Seemingly miraculous innovations have made it possible to slake the ever-growing thirsts of our industrial society. Need more energy? Frack it from deep-bedded rocks. Fresh water? Desalinate ocean flows. Precious metals? Leach them from low-grade ores that were previously unminable.
But these and other marvels leave us in a pickle—awash in a sea of hypersaline brine. This “brine”—wastewater containing levels of salt many times higher than seawater and often contaminated with pollutants—is a byproduct of these and other industrial processes, and it’s a problem.
However, a new approach developed by SenGupta and visiting researcher Hao Chen (then a doctoral student) represents a leap forward in cleaning up and even potentially unlocking valuable resources lurking in the super-salty water.
A new solution
SenGupta and Chen have developed a new process, evaporative ion exchange (EIX), to concentrate brine at room temperature using air humidity and ion exchange.

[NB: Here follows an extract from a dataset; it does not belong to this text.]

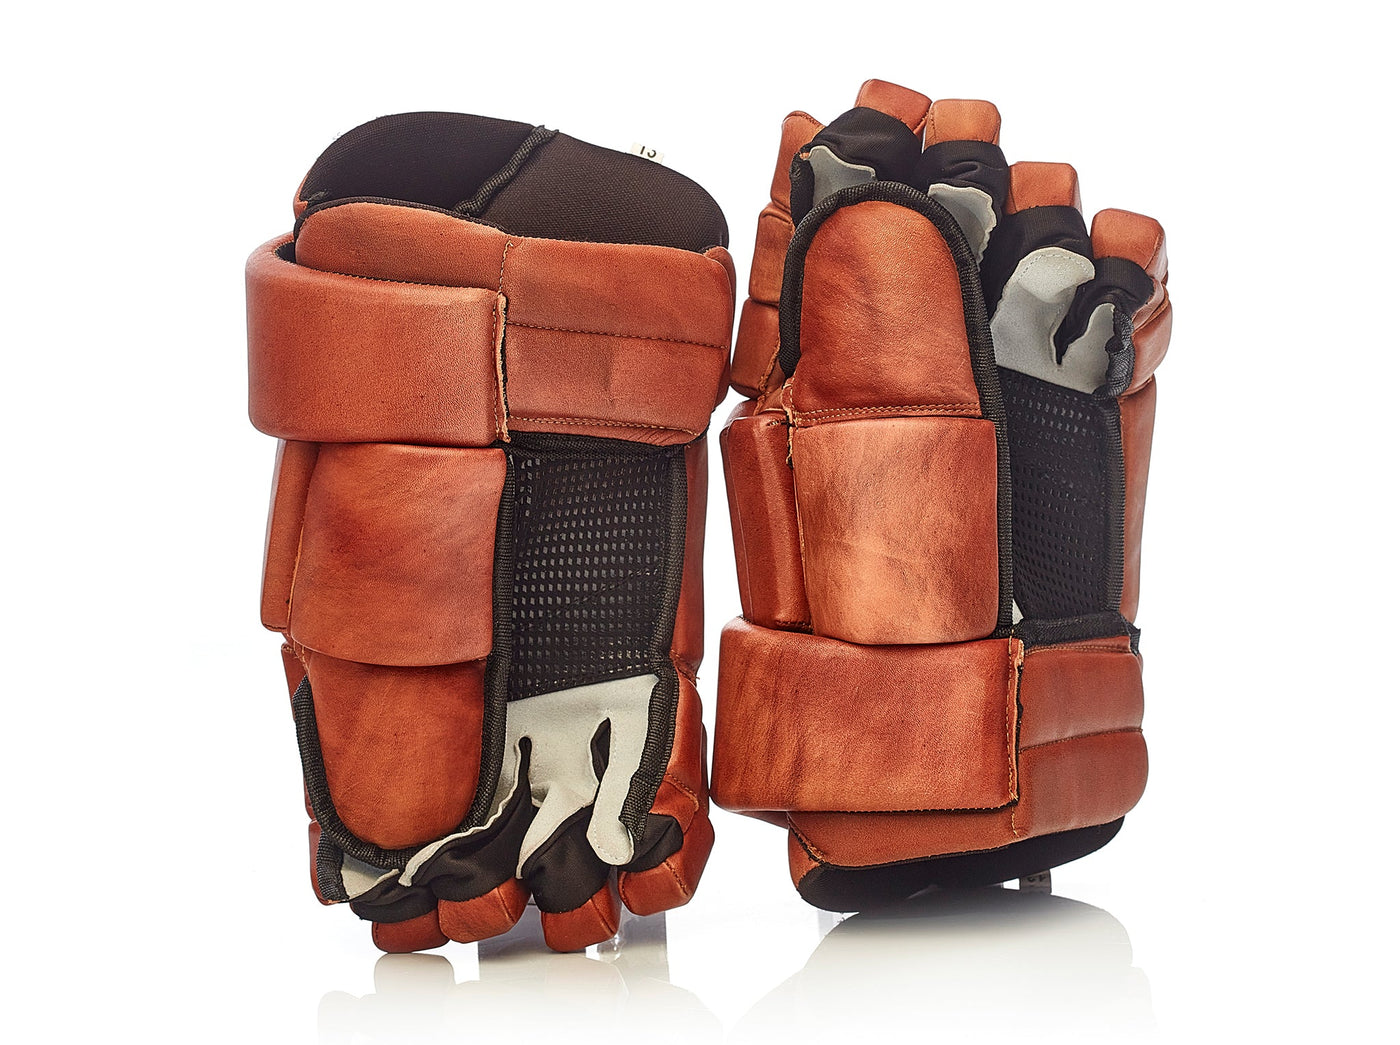 PRO Heritage Brown Leather Ice Hockey Gloves 2.0 - MODEST VINTAGE PLAYER LTD

Unlike existing methods, EIX avoids scaling and fouling, and it’s much faster than natural evaporation due to its efficient design.
It uses a polymeric ion exchange resin bead, a type of gel with a high concentration of charged functional groups, or atoms whose electrical charge binds with ions of opposite charge. When the bead comes into contact with water, the resin’s internal pressure causes it to absorb water quickly while rejecting salts and other compounds.